In this section, we'll examine what recompilations are needed when a file is modified, and if the recompilation can be done automatically.
When modifying a type used as a template argument, all the files using this type should be recompiled and the compilation model has no influence on that.
The normal use of makefiles [ 6 ] triggers the recompilation in all combinations of compilation models and instantiation mechanisms.
When modifying a template definition, things are sensibly different.
With the inclusion model, the normal use of makefiles triggers a recompilation of all compilation units including the definition of the template and so the needed instantiation will be recompiled whatever the compilation model is used.
With the separation model, the normal use of makefiles will trigger a recompilation of the compilation unit providing the exported definition and trigger a relinking. Is this enough?
When using a local mechanism, all compilation units using the template should be recompiled, so additional dependencies should be added to the makefile. In practice, a tool aware of exported templates should be used to generate the makefile dependencies.
When using a global mechanism, the pre-link phase should be able to trigger the needed recompilation: it only needs to be able to detect that the instantiations are out of date; being able to launch recompilations is inherent to this mechanism. Exported templates provide a natural way to trigger the pre-link phase and to allow it to check the consistency of the objects.
What happens when a definition becomes available late?
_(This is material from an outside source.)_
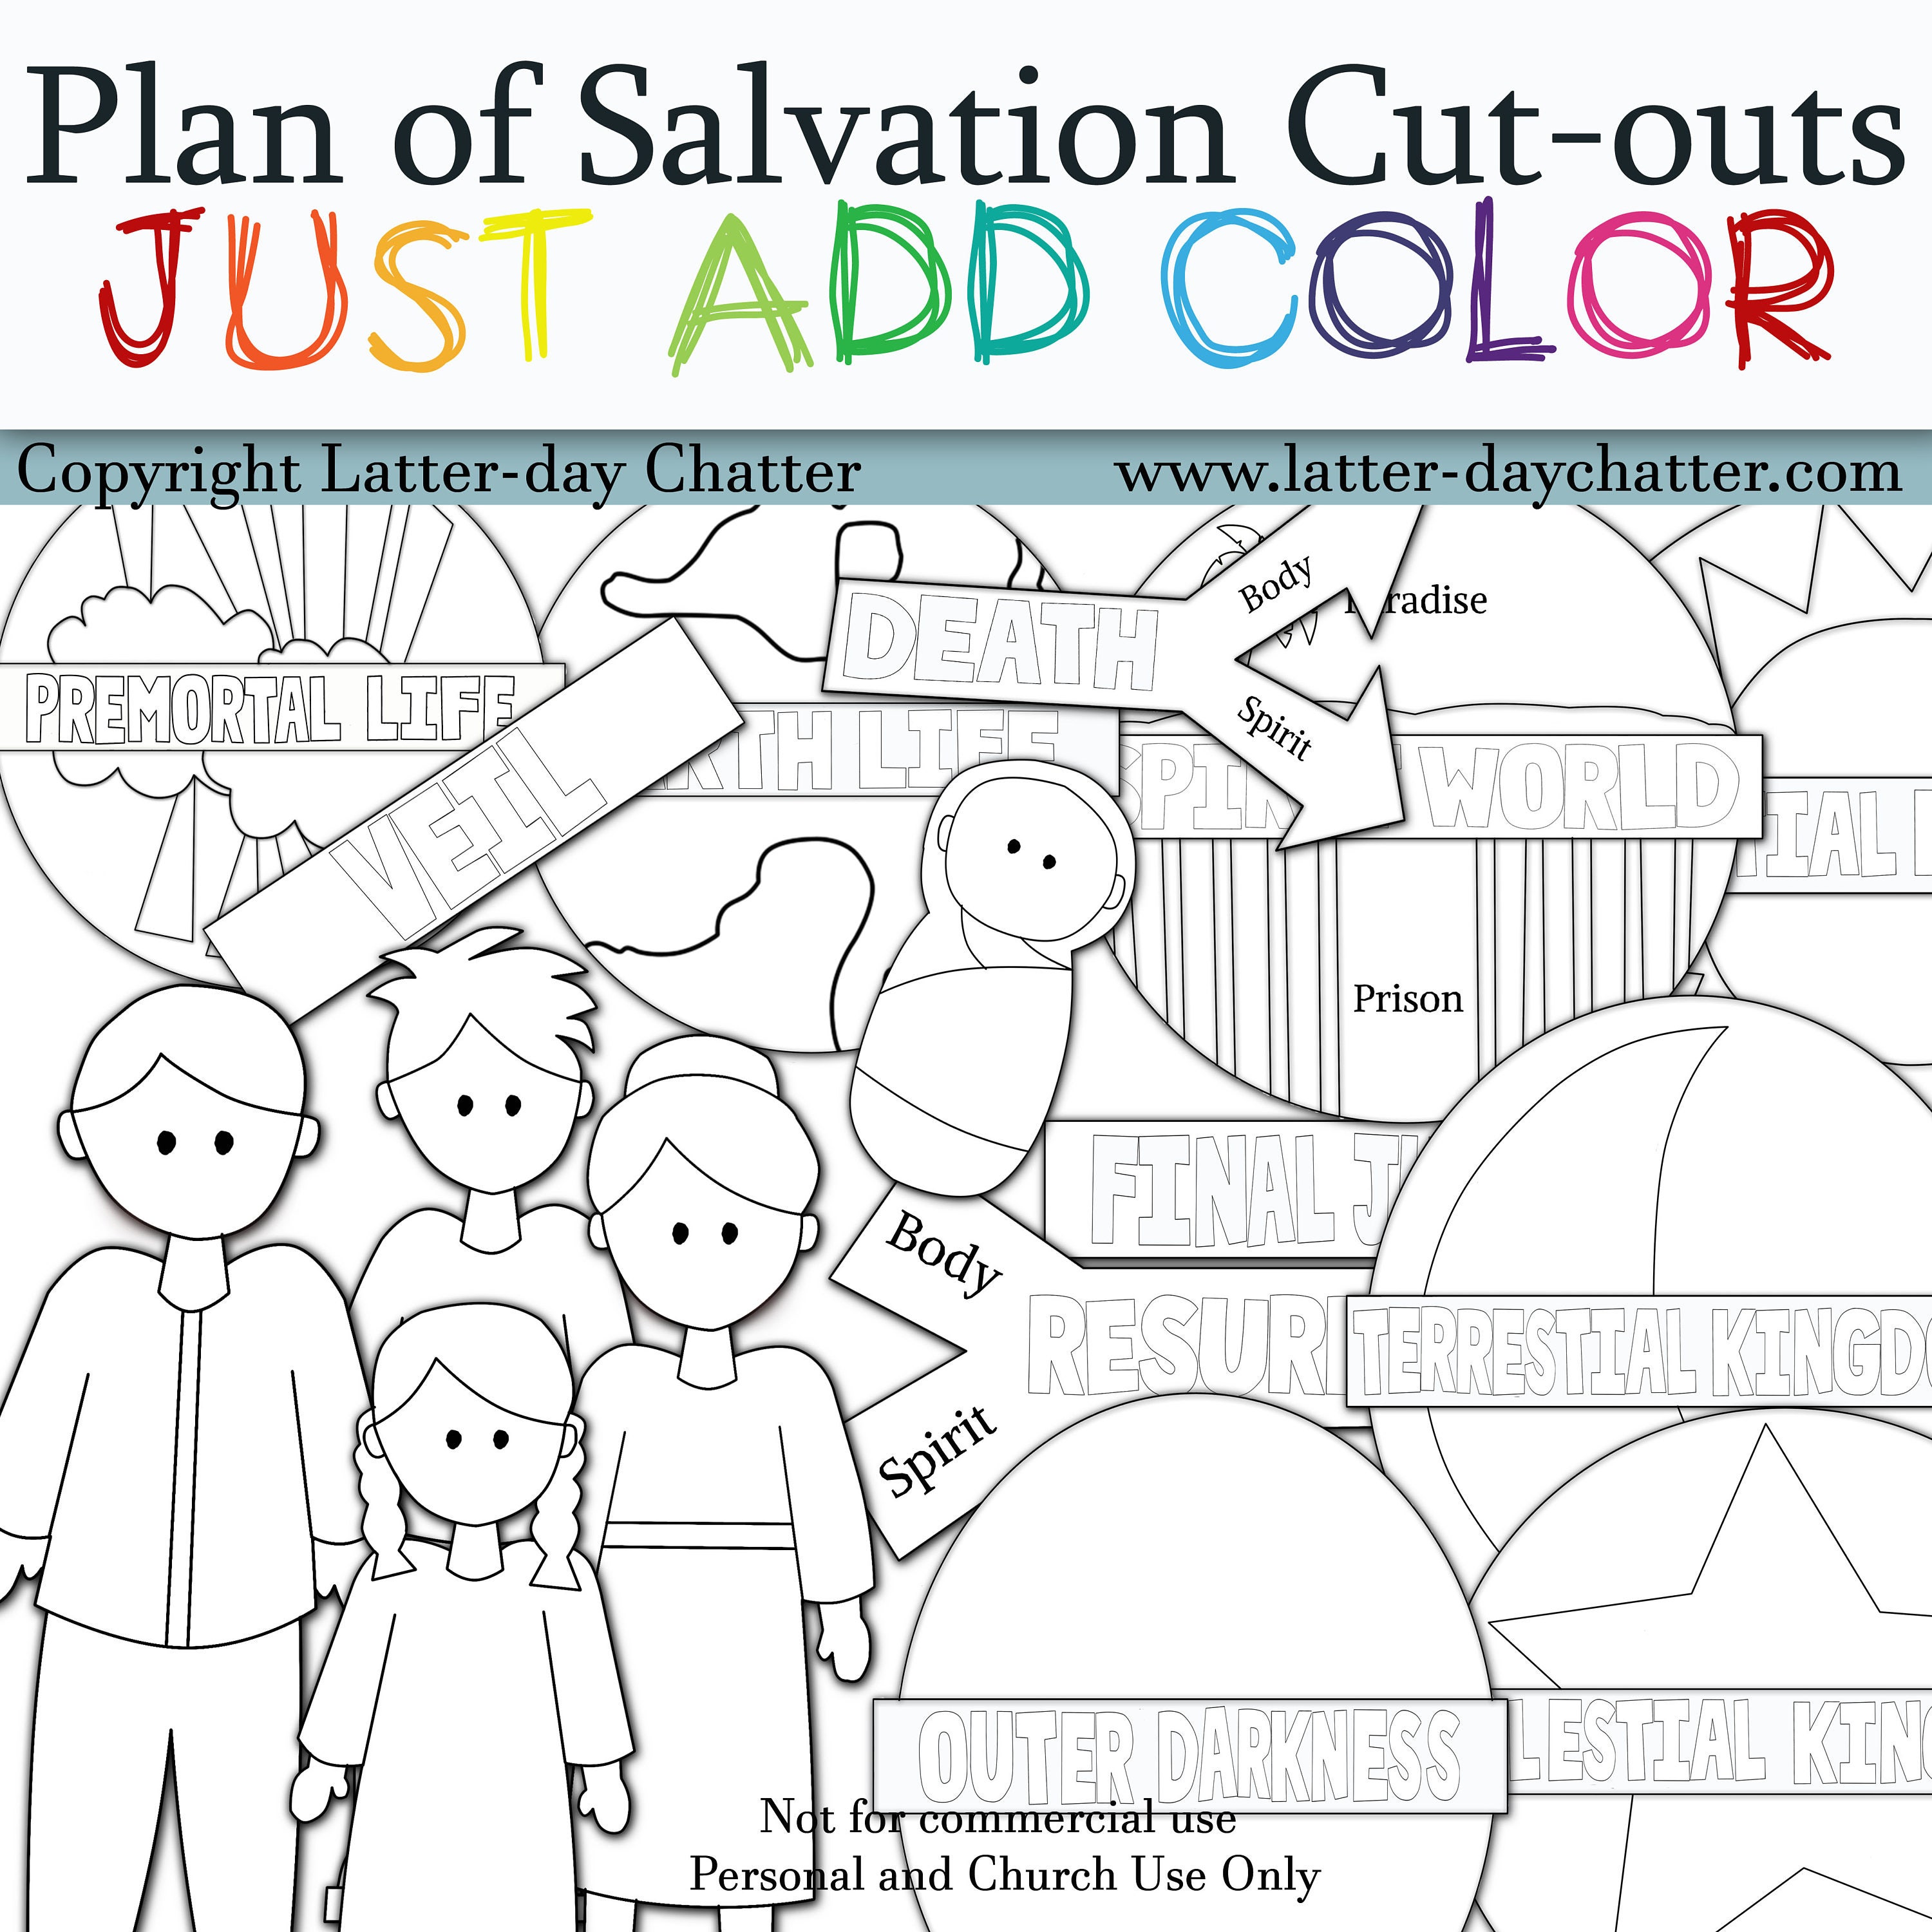 Plan of salvation just add color

When a definition becomes available when it was previously not, the used instantiations need to be provided. That can be considered as a modification of a stub definition and the needed recompilations would be the same.
What to expect from export?
Compared to the inclusion model, what are the expected effects of using the separation model?
It removes the need to provide the definition of the function template along with the declaration. This mimics what is true for normal functions and a behaviour expected by most people starting to use templates.
It also removes the need to include all the declarations needed by the definition of the function templates, preventing a "pollution" of the user code.
The other effects are dependent on the instantiation mechanism used.
in conjunction with a local mechanism, without duplicate instantiation avoidance (like Borland's), it could need more parsing than the inclusion model as the headers needed for both the definition and the declarations have to be parsed twice if one requires the definition to be available at instantiation time (as does the only implementation).
in conjunction with a local mechanism with duplicate instantiation avoidance (like Sun's), it could reduce the needed file reading and parsing, but the disadvantage for the inclusion model may be reduced by using techniques such as precompiled headers
in conjunction with a global mechanism
it reduces file reading and parsing, but the disadvantage for the inclusion model may be reduced by using techniques such as precompiled headers.
it reduces the need for recompilations after a change in the template as only the compilation unit providing the instantiation has to be provided.
I have performed some experiments with exported templates using Comeau's compiler, to check if they are usable. I wanted to see if it was possible to set up a makefile so that all needed recompilations were triggered automatically without adding dependencies manually, to see if it was possible to use them with libraries, and to see if it was possible to organize the code so that it could be compiled in both the inclusion model and separation one.
I also wanted to check if the expected effects on the instantiation mechanisms described above where measurable. As Comeau's compiler provides a global mechanism, I expected a reduction in compile time, and a reduction in file reading and parsing, and I wanted to see how it compared with what could be obtained with using pre-compiled headers.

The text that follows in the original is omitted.